Never had she thought that terrible habit would prove helpful.
She shivered head to toe for several minutes, her body revolting against the day’s events. Things like this didn’t happen. Only she knew that wasn’t true. They happened all the time.
When her body stopped convulsing, she pushed herself to the far side of the closet and shoved onto her bottom. Gen pulled her feet close and started working on the ankle bindings. If she hadn’t fought so wildly to free herself from them in the trunk, the knot wouldn’t be so stubborn. It took too long. She took too long. Panic threatened to consume her whole. Owen’s smug mug showed up in her mind’s eye, erasing Perry. Owen’s gaze was kind, warm, and loving.
Slowly, the chill fled. She focused on the feel of the rope, the intricate loops, and slowly fed one back through the first knot.
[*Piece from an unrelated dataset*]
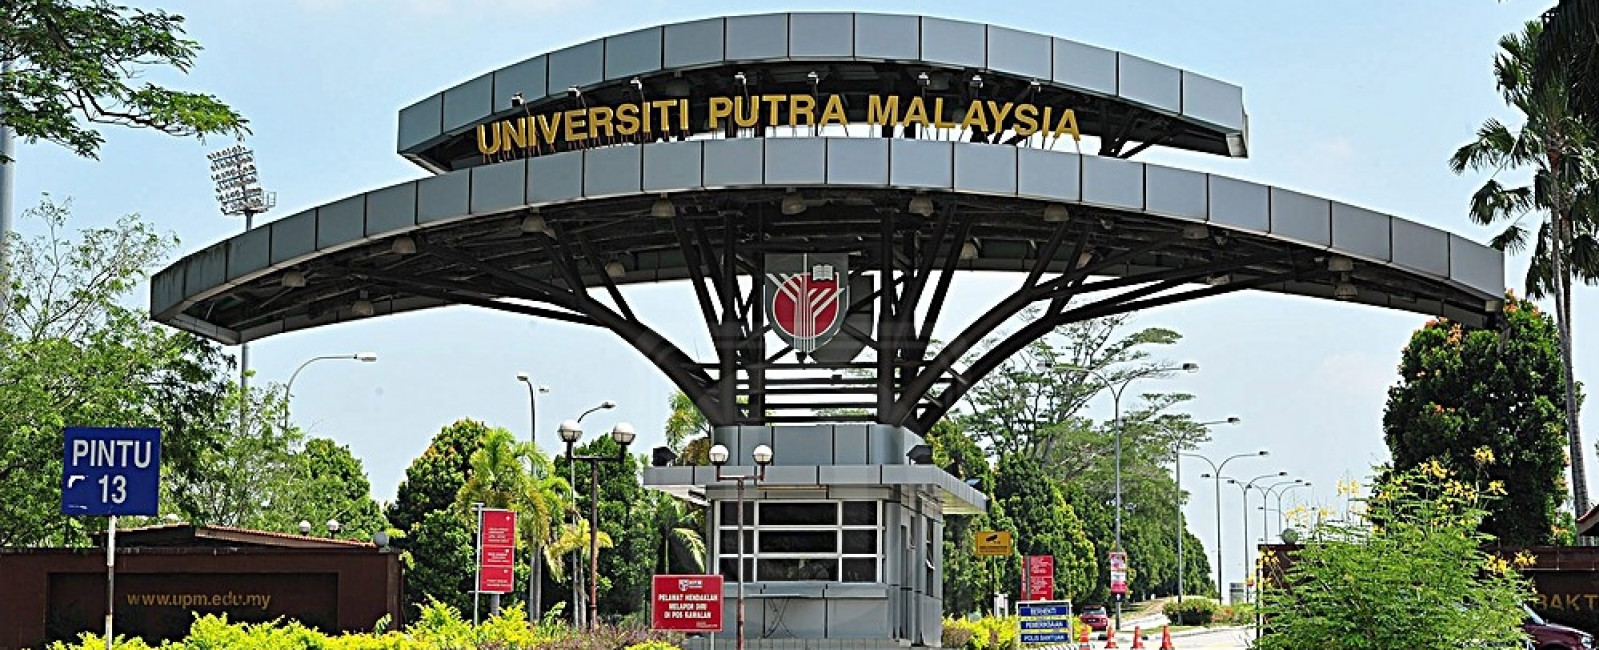 Малайзия университеты. Малайзия учебные заведения. Putra University. Серданг Малайзия.
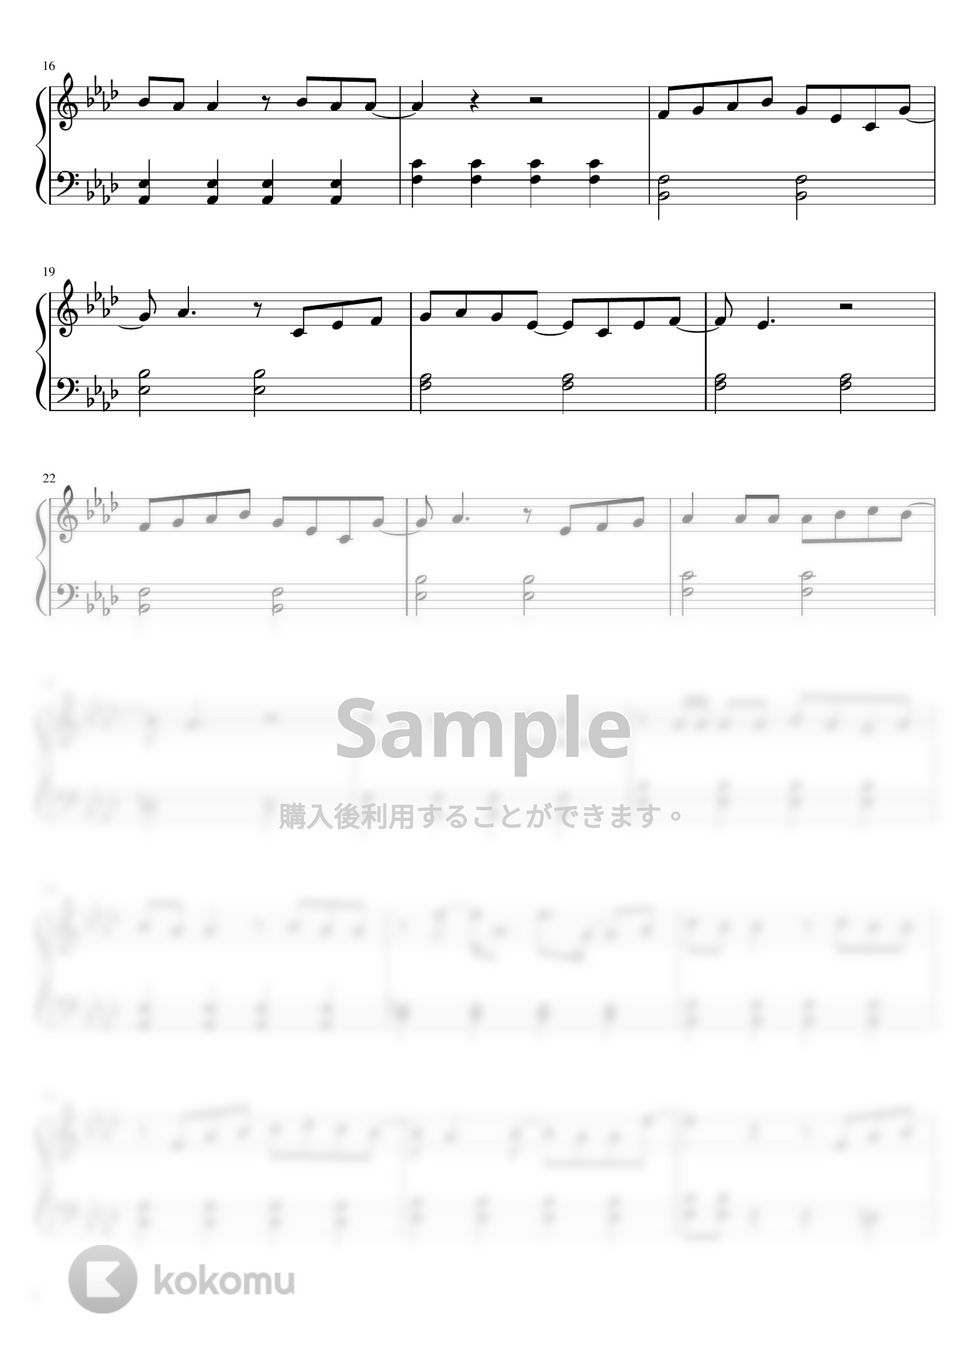 緑黄色社会 - Mela! (ピアノソロ初級) by pianon

Then another. Then another. Then she was finally free … ish.
Gen rubbed at the bruised skin, ushering blood flow back into her extremities until it returned. She eased to the closet door and pressed her ear to the cold wood. The confusing sounds of dinner prep filtered through the solid material. She pushed up onto her hands and knees and slowly stood for the first time in hours. How many, she didn’t know. Five? Seven?
She pressed her hand to the door, held her breath, and—
A chime sounded through the door, coming from deep in the house.
Her hand jerked from the door, and she clambered back into the corner. The tempo of her heartbeat pitched toward the heavens. It rattled in her chest. Her hands shook. Had he rigged an alarm since he’d been back? It hadn’t gone off the last time she fled the prison.